-- Requirement --
Output every line below exactly, please, omitting pictures.
Information provided section start
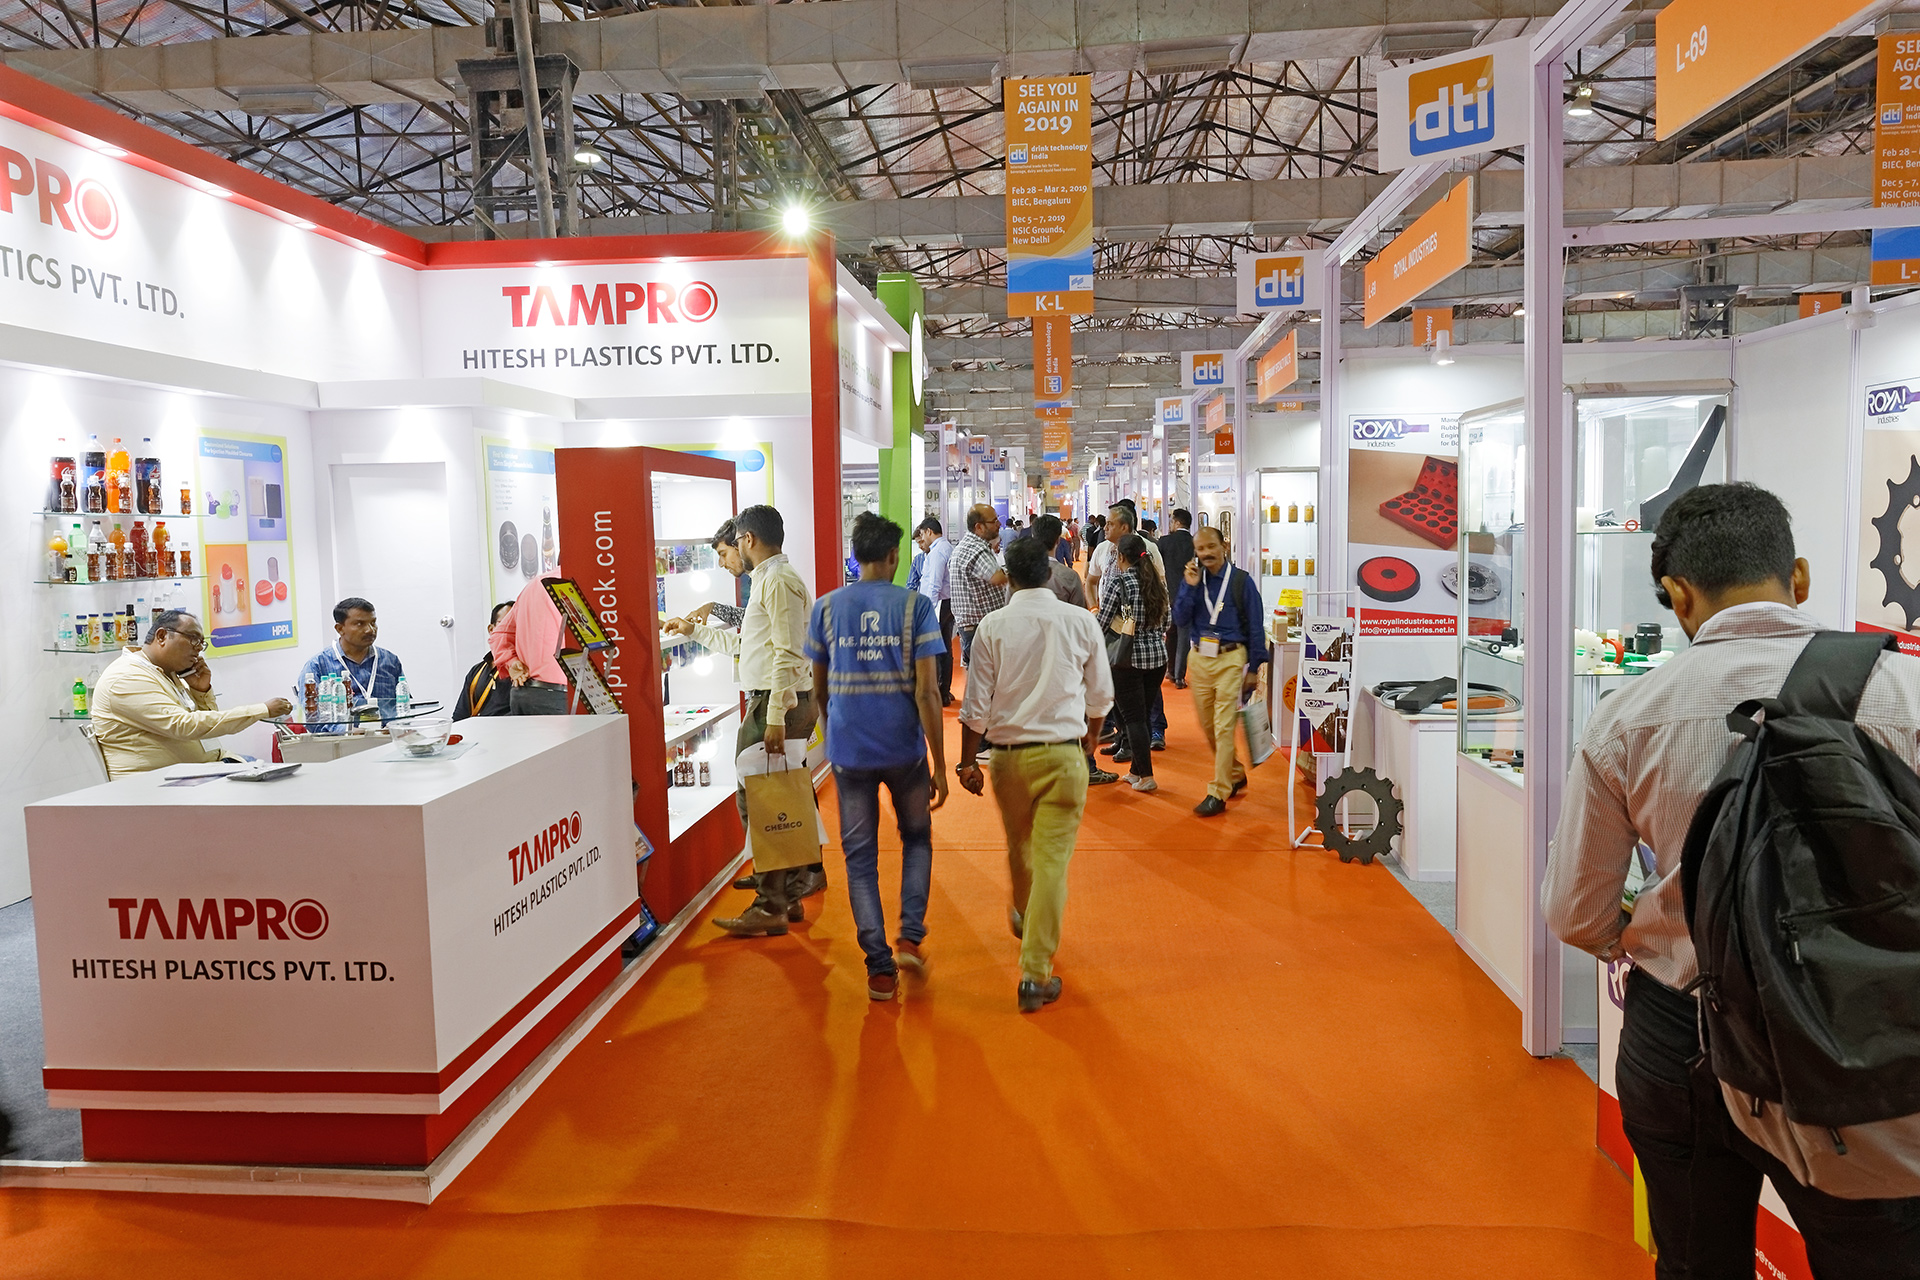 drink technology India 2018 underscores its position as the key event for the beverage and liquid food industry in India
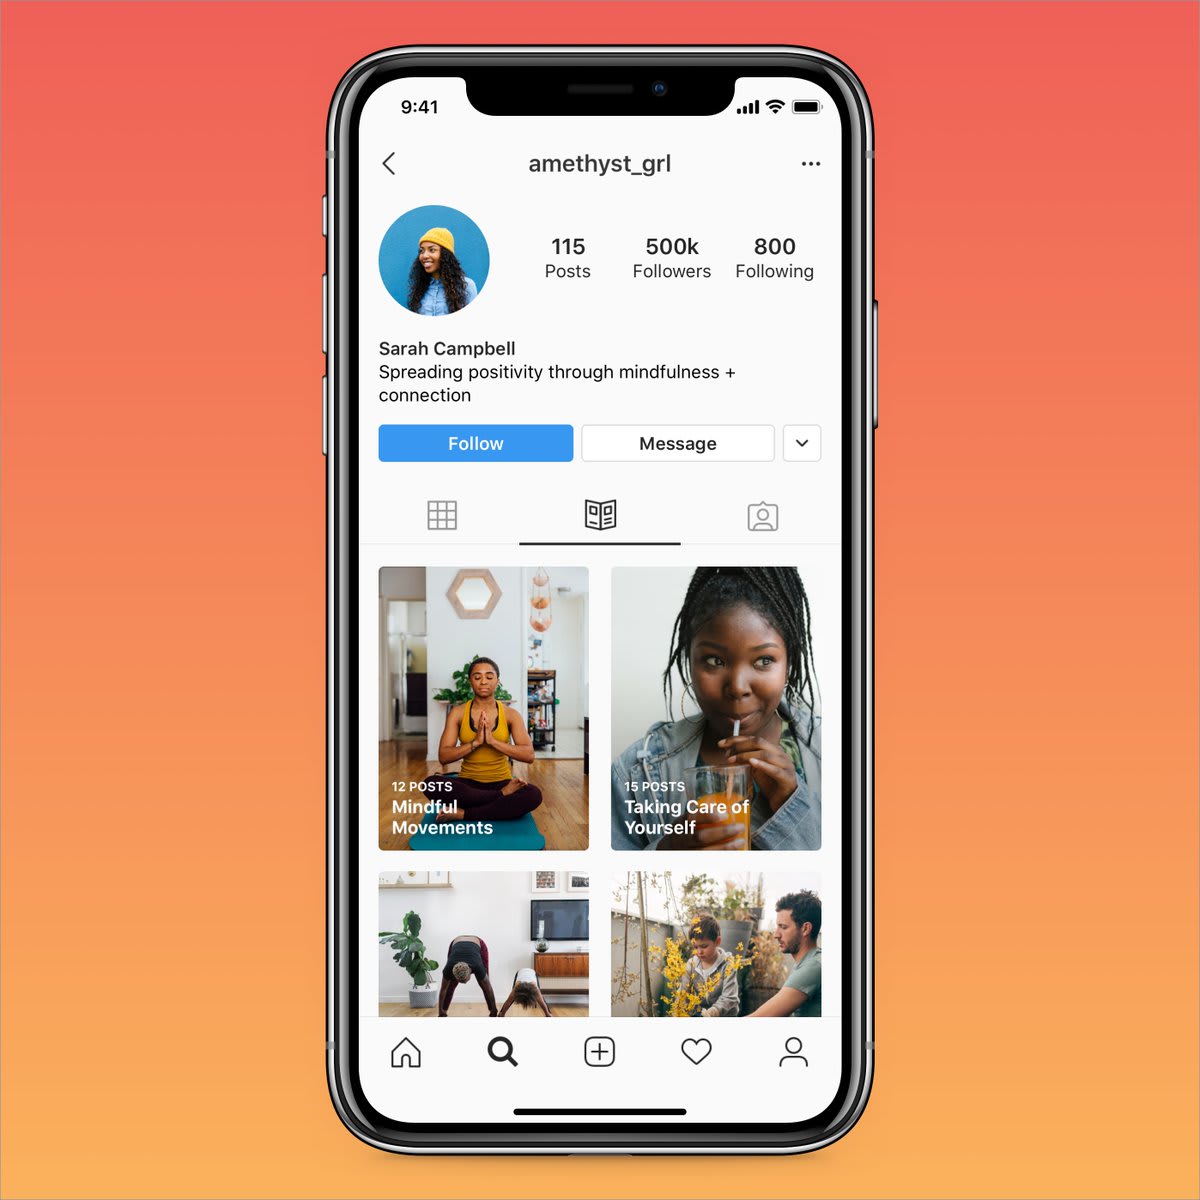 Starting today, you can check out Guides – a new way to discover recommendations from people on Instagram. 🙌 The first Guides focus on wellness and mental health content from respected organizations and creators. ❤️ Find out more:
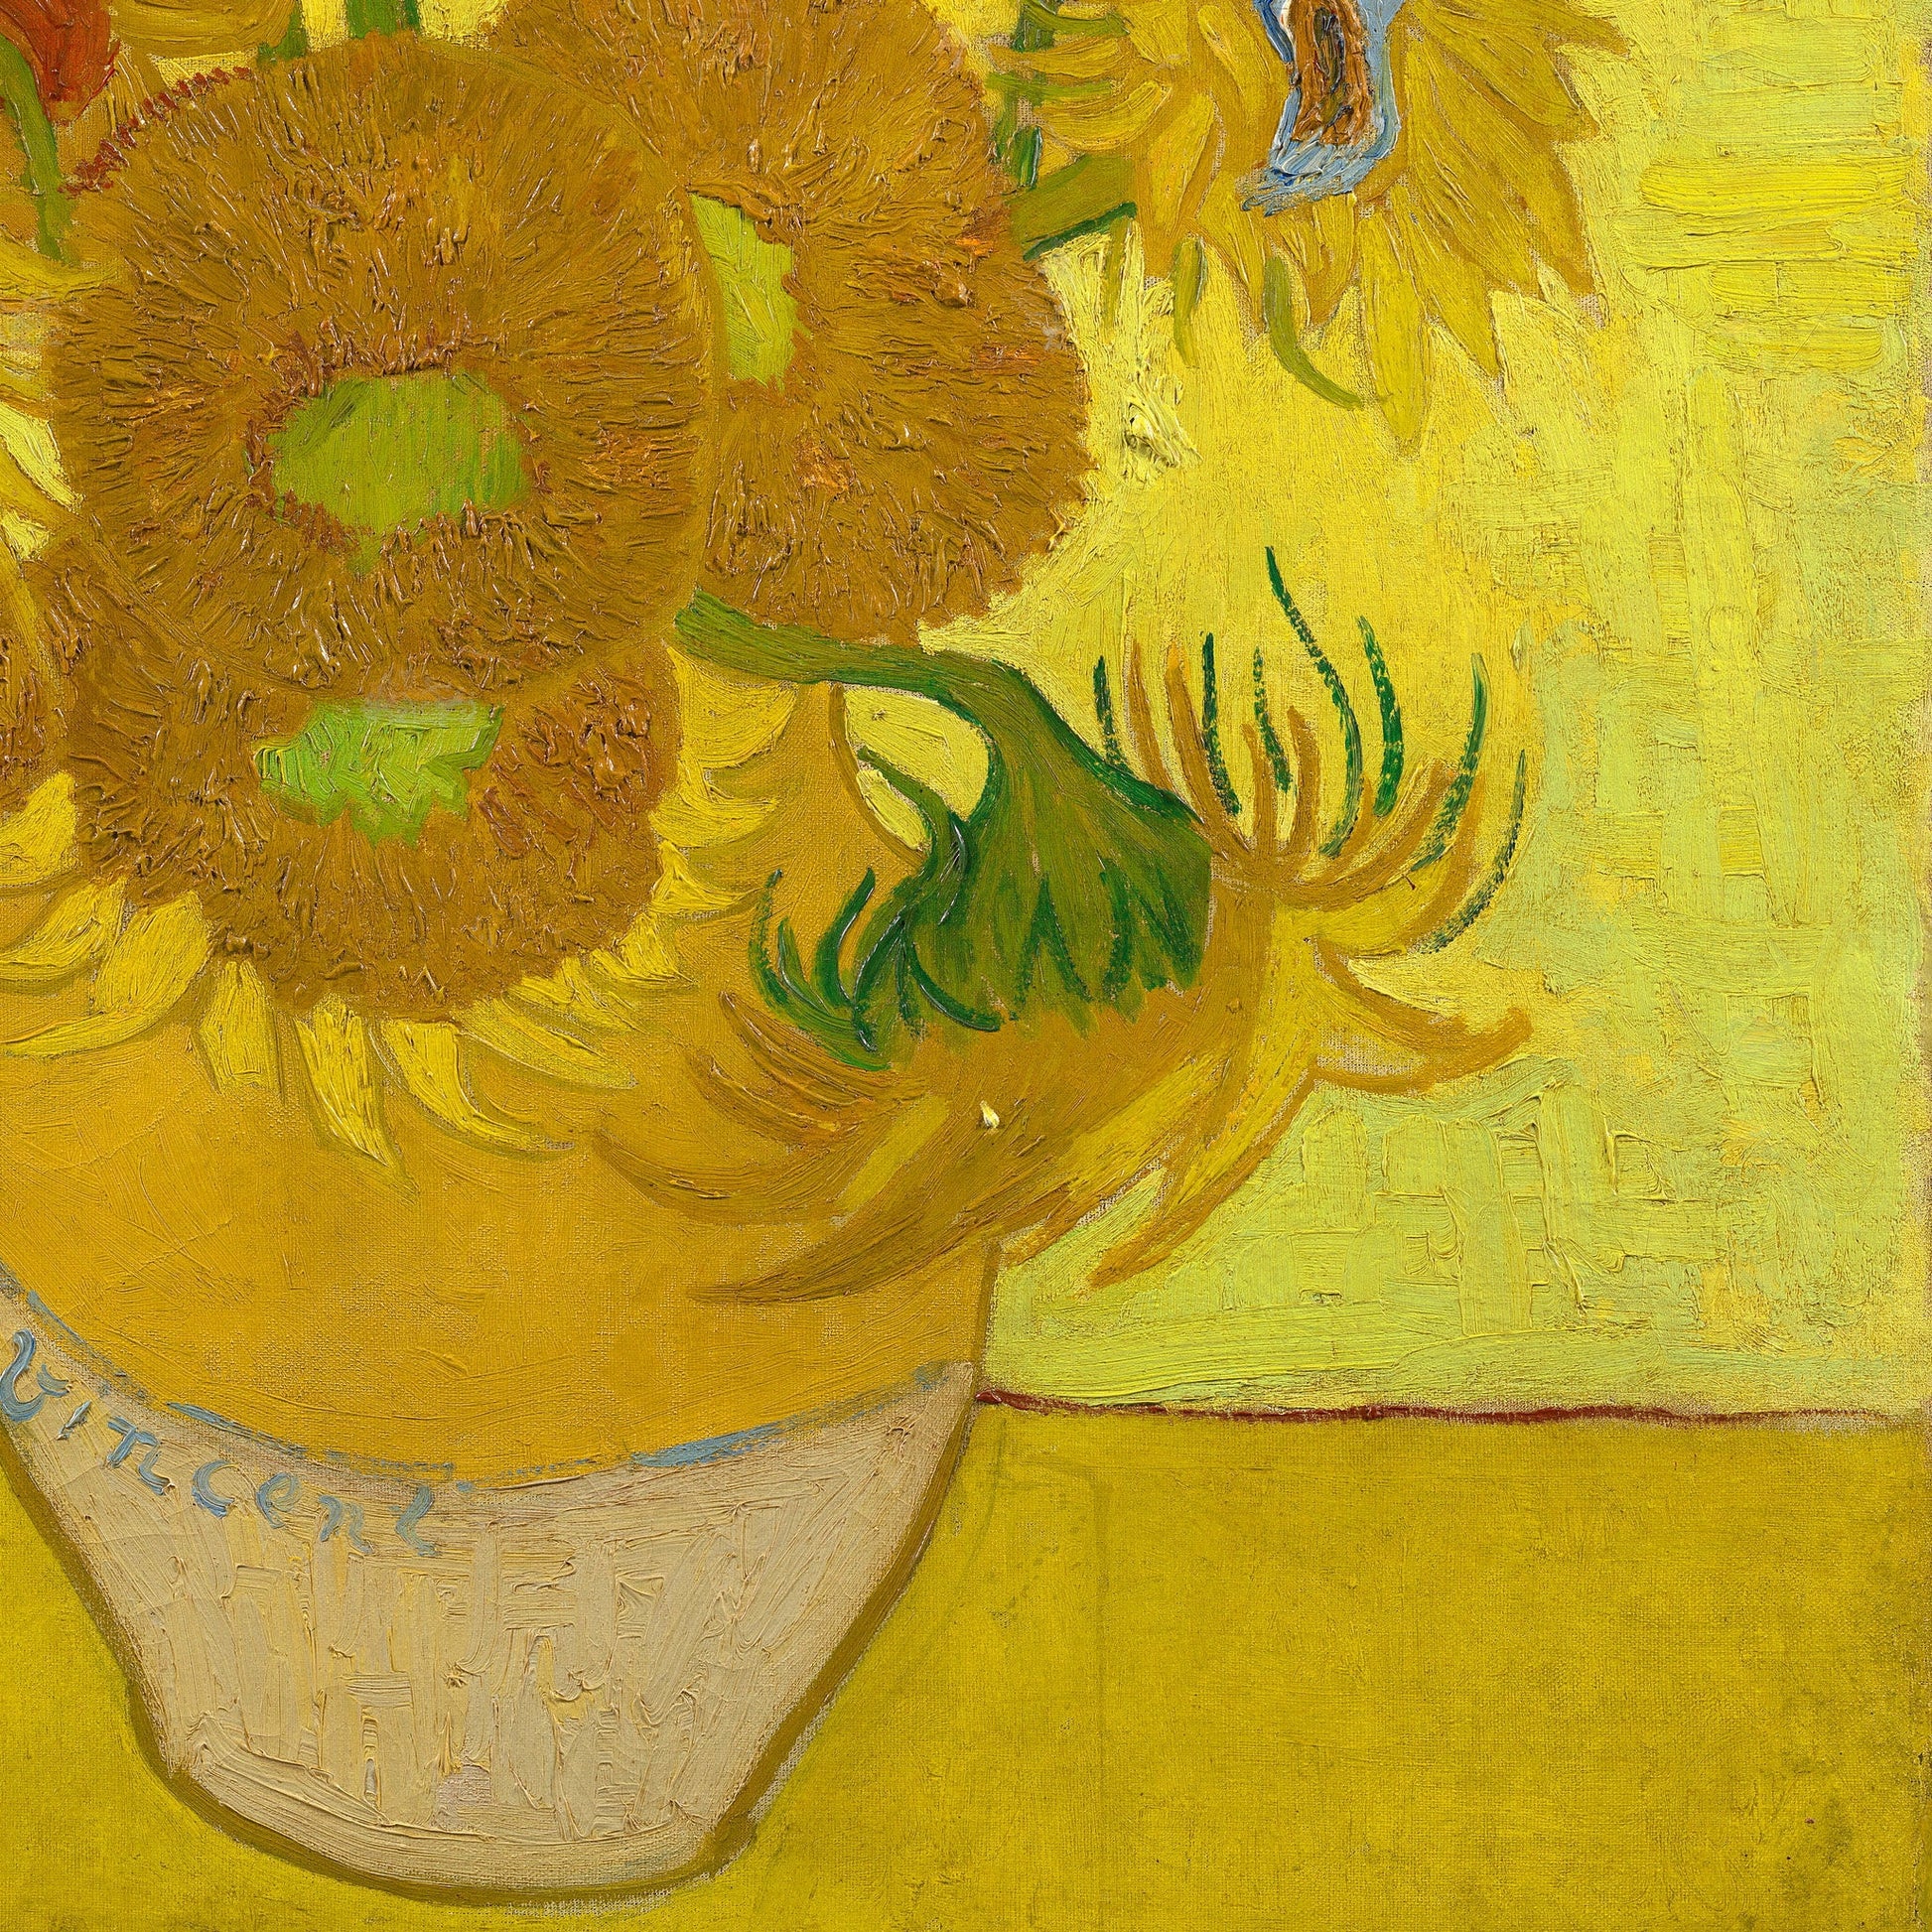 Sunflowers by Vincent Van Gogh, 3d Printed with texture and brush strokes looks like original oil-painting, code:076
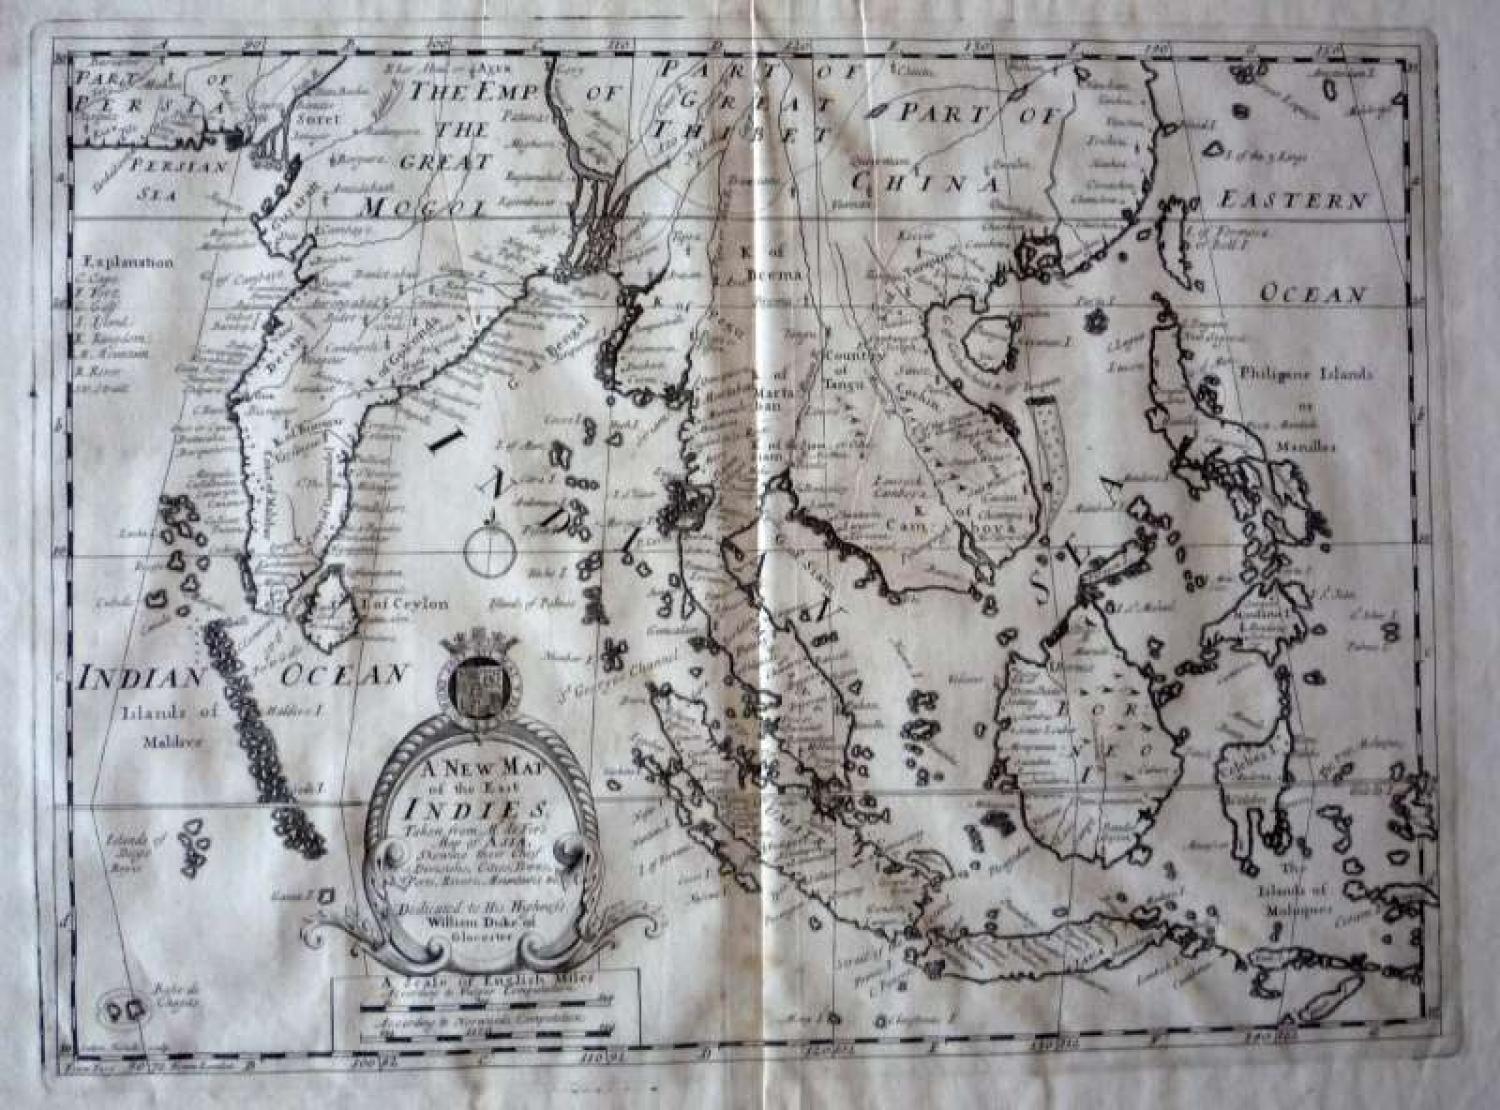 RESERVED A New Map of the East Indies...
Information provided section end
-- Problem solution --
 drink technology India 2018 underscores its position as the key event for the beverage and liquid food industry in India
 Starting today, you can check out Guides – a new way to discover recommendations from people on Instagram. 🙌 The first Guides focus on wellness and mental health content from respected organizations and creators. ❤️ Find out more:
 Sunflowers by Vincent Van Gogh, 3d Printed with texture and brush strokes looks like original oil-painting, code:076
 RESERVED A New Map of the East Indies...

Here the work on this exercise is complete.